Die Sammel-Vorrichtung 10 kann vormontiert sein und zuvor
sterilisiert worden sein oder kann in der Operations-Umgebung unmittelbar
vor der Verwendung zusammengebaut sein. Typischerweise ist die Spritzen-Baugruppe 12 ohne
Befestigungs-Mechanismus 34 kommerziell verfügbar in
einer Wegwerf-Verpackung
oder lagerbaren Form, vorsterilisiert und vorgepackt. Im Gegensatz
hierzu ist die Kanüle 14 typischerweise
wieder verwendbar und ist vor Ort gereinigt, gepackt und vorsterilisiert
worden.
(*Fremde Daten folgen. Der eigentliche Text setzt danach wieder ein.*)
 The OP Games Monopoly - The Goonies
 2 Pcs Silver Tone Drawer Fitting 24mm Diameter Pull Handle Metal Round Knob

Entsprechend werden üblicherweise
anschließend
an die Auswahl von kompatiblen Komponenten, die lösbar formschlüssig miteinander
verbunden werden, unmittelbar vor dem Einsetzen in den Patienten
die Spritzen-Baugruppe 12 und Kanüle 14 miteinander
verbunden, um die Sammel-Vorrichtung 10 zu bilden. Ungefähr zu derselben
Zeit, zu der die Spritzen-Baugruppe 12 an der Kanüle 14 befestigt
wird, kann optional der Befestigungs-Mechanismus 34 an
der Kolbenstange 28 über
den Flansch 48 der Kolbenstange befestigt werden. Vorzugsweise
wird der Befestigungs-Mechanismus 34 vor dem formschlüssigen Zusammenwirken
mit der Kanüle 14 befestigt,
um die Möglichkeit
einer unerwünschten
Kontamination der Entnahme zu reduzieren.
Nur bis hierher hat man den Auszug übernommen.